**WHAT IS NEEDED**
Every line from the one with "Grilled lamb ribs" to the end of the listing below must be printed exactly, with no other text and no pictures.

**DATA EXCERPT**
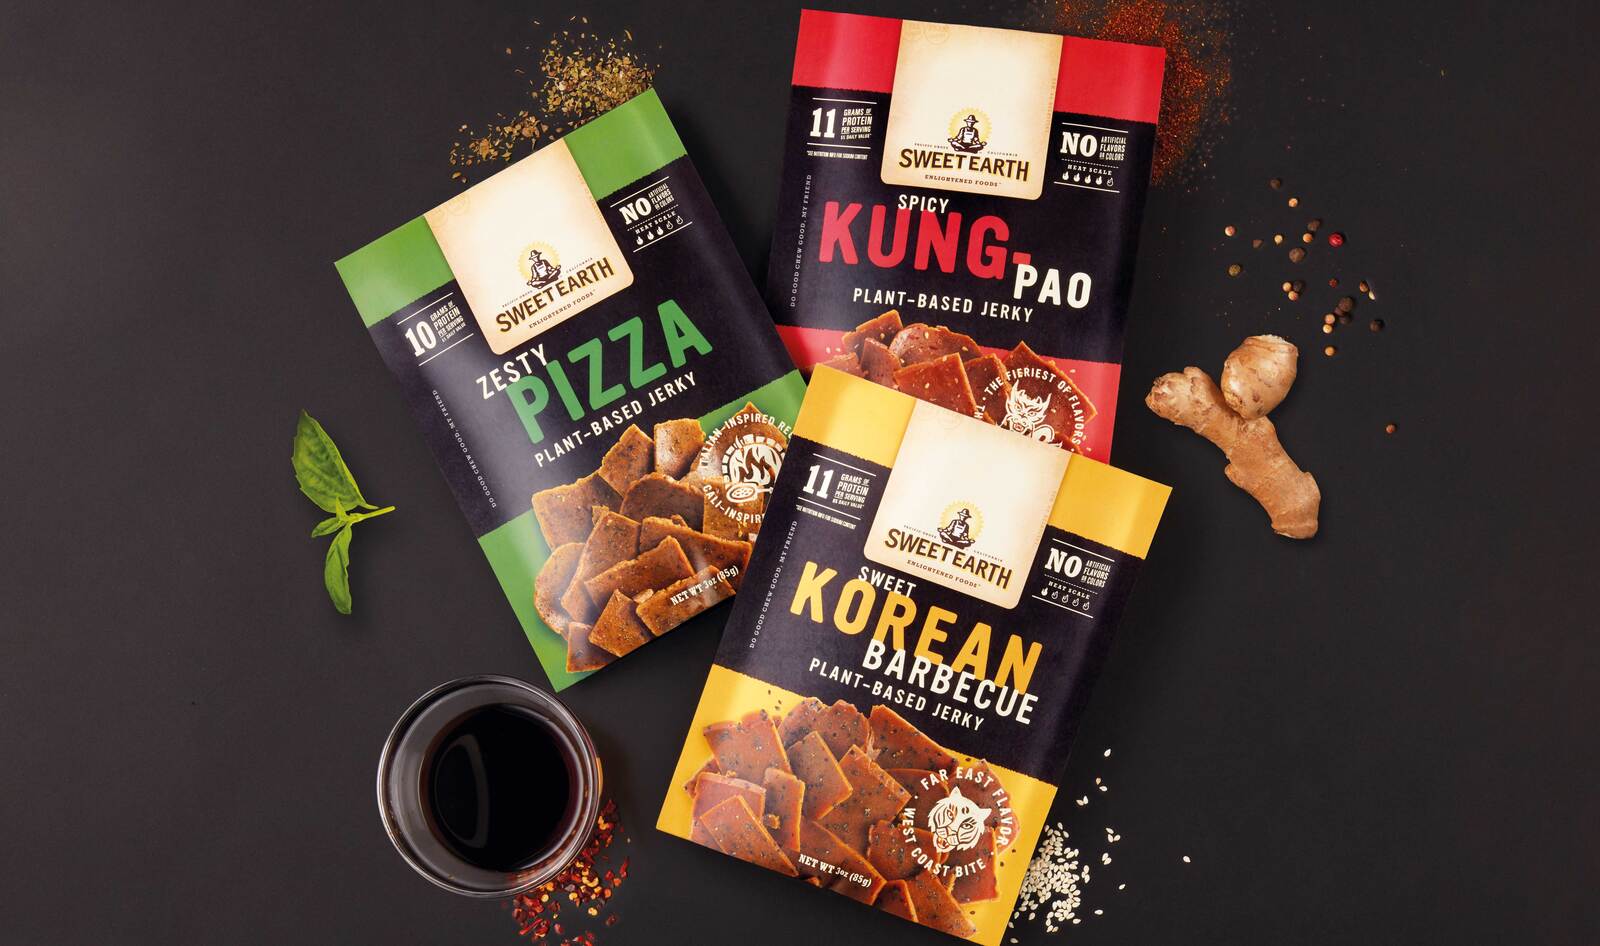 Sweet Earth Debuts Vegan Jerky in Pizza, Korean Barbecue, and Spicy Kung Pao Flavors&nbsp;
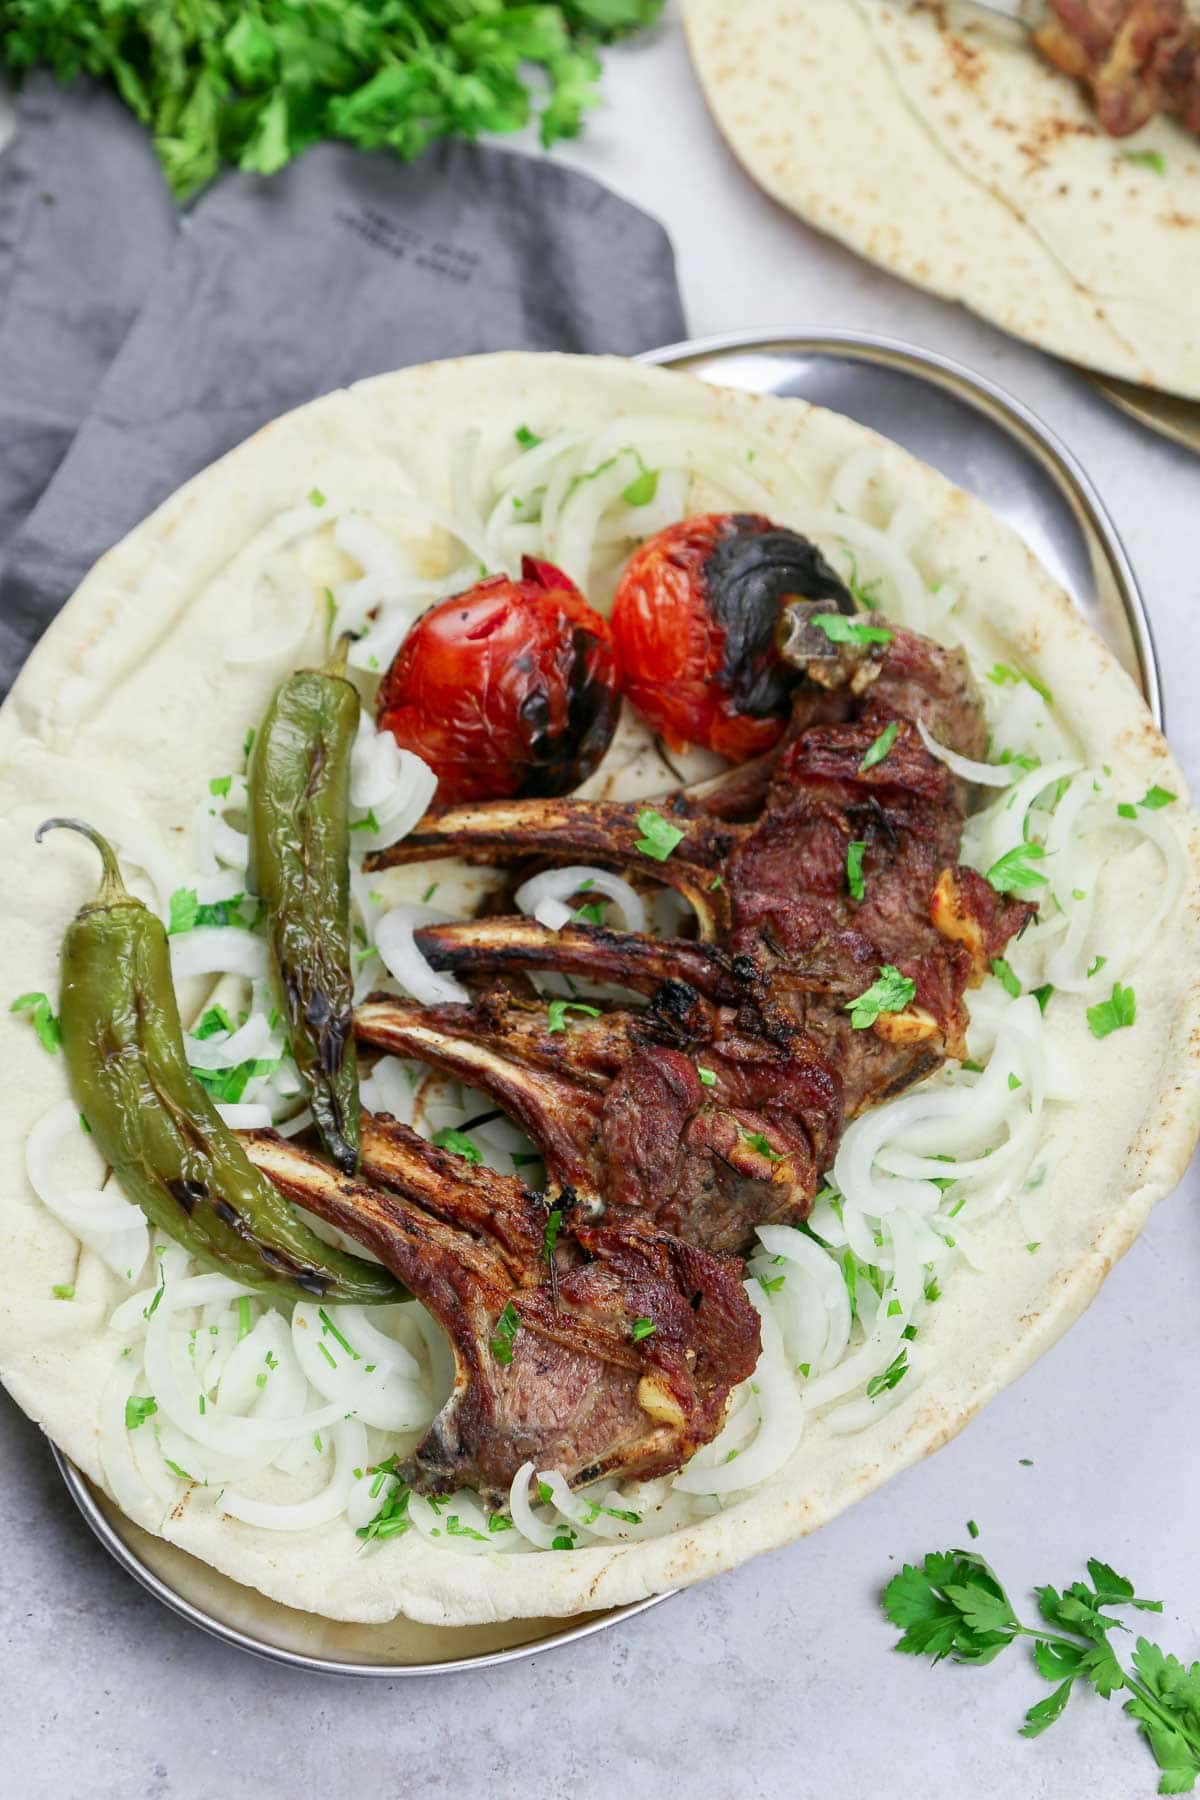 Grilled lamb ribs served over pita bread, sliced white onions, and charred tomatoes and chili peppers
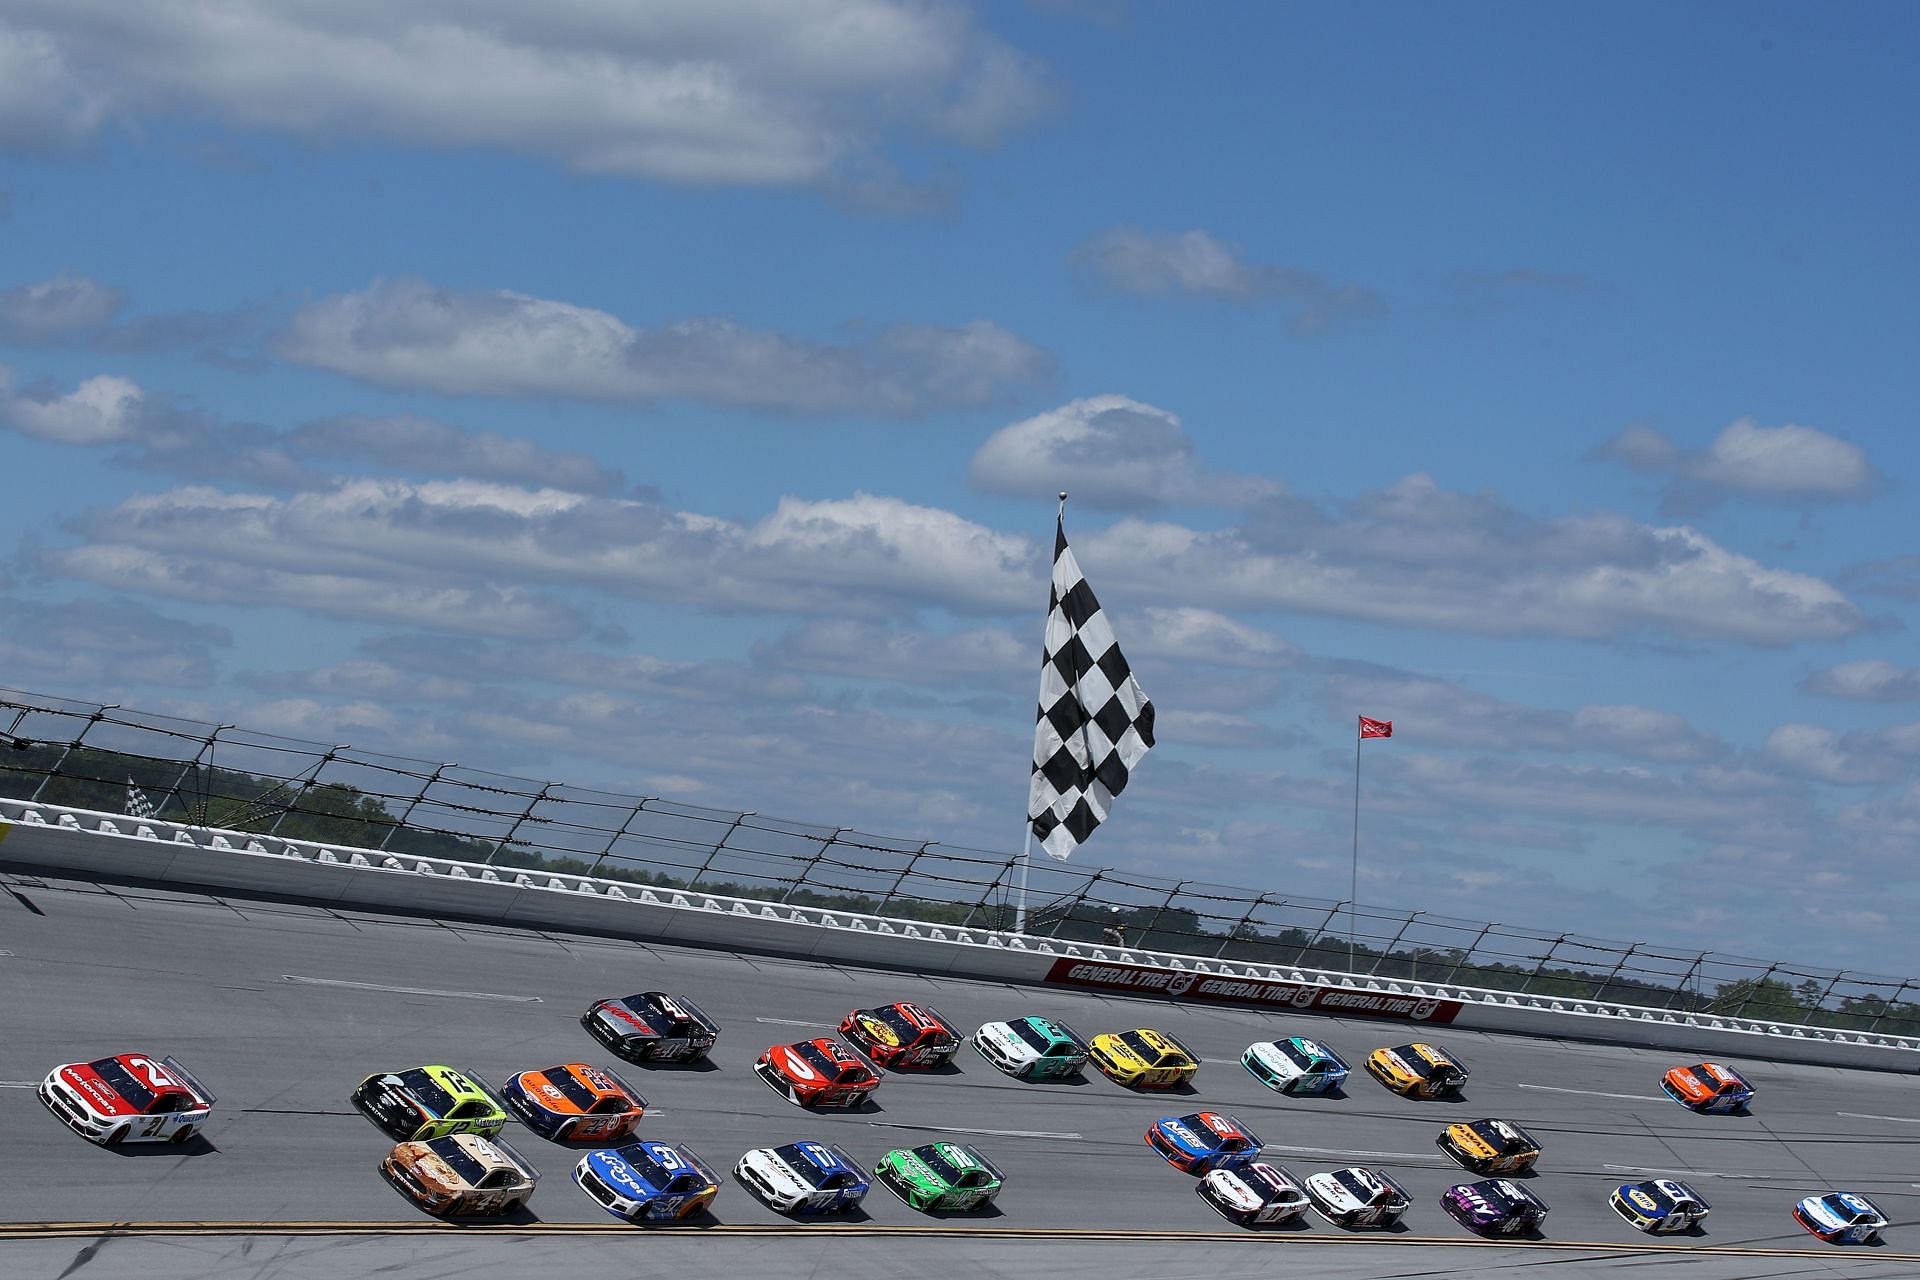 Matt DiBenedetto leads the field during the NASCAR Cup Series GEICO 500 at Talladega Superspeedway (Photo by Sean Gardner/Getty Images)

**RESPONSE FOR THIS EXERCISE**
 Grilled lamb ribs served over pita bread, sliced white onions, and charred tomatoes and chili peppers
 Matt DiBenedetto leads the field during the NASCAR Cup Series GEICO 500 at Talladega Superspeedway (Photo by Sean Gardner/Getty Images)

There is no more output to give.